Then mid-week we celebrated the beginning of Lent, Ash Wednesday, at my local Catholic Church, and an uplifting homily from our enthusiastic  priest from Melaka, who was upbeat about the joys of chastity, fasting, alms giving and other penances for this period of 40 days. I still can’t quite get used to his rousing sermons that are punctuated with emphatic Amens, to which we are bound to reply Amen too. I often don’t feel I can respond as I am called to do with a genuine heart, and feel a pang of guilt at my weak faith and my lack of evangelistic and Christian fervour. As a child I was quite attentive to giving up something for Lent; and my son has resolved to abstain from chocolate this year. Good for him. Perhaps I am achieving something as a Catholic parent after all! I intend to ‘give up’ alcohol for this 40 days, and will do my best to be more disciplined about chocolate and coffee intake – not quite saying that I will definitely give them up.
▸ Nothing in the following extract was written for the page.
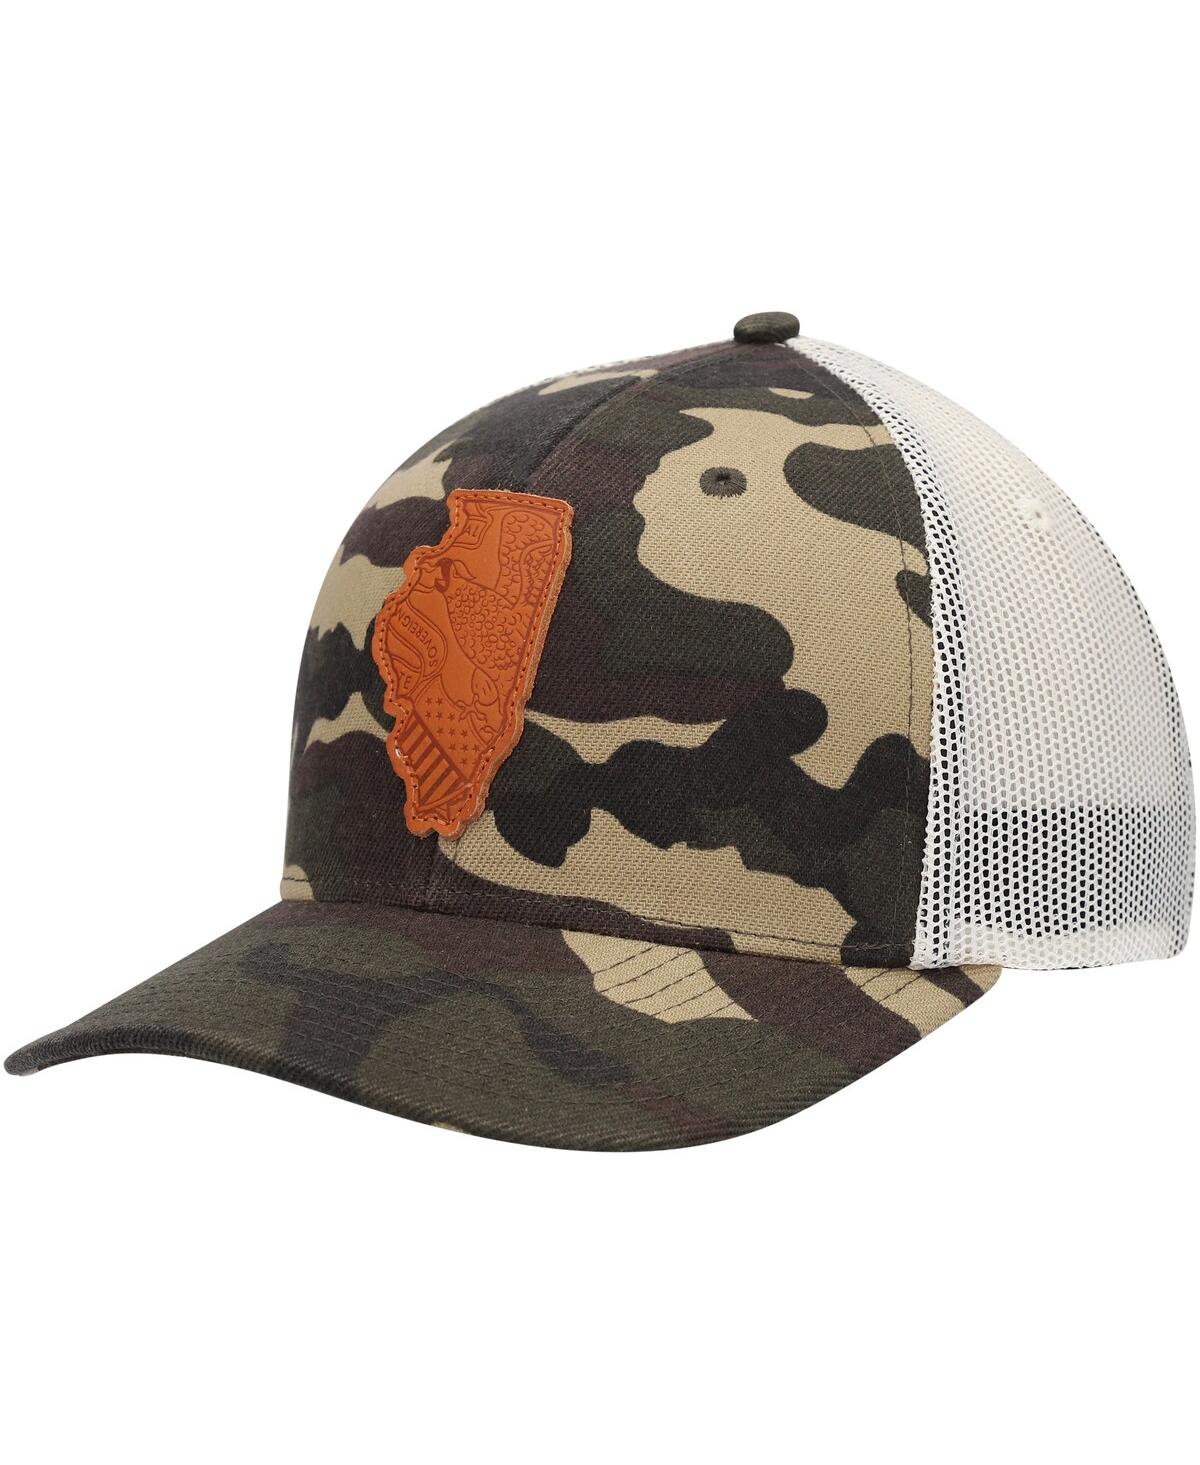 Men's Local Crowns Camo Illinois Icon Woodland State Patch Trucker Snapback Hat - Camo

I lack faith in my own capacity for such self-discipline these days!

And then it was Valentine ’s Day. A card  and a present for my beloved wife, who is really not that bothered, but a ritual which I cling to not least for our children, and especially for my son, who will one day operate in a global and probably a more western culture, and will have a girlfriend or two to please. I feel he must learn something of this modern culture so that he can at least ‘know the right thing to do’ if called upon. I also like my wife to know that I am still a romantic at heart, even if she is not, and even if I am nearing fifty and she is not!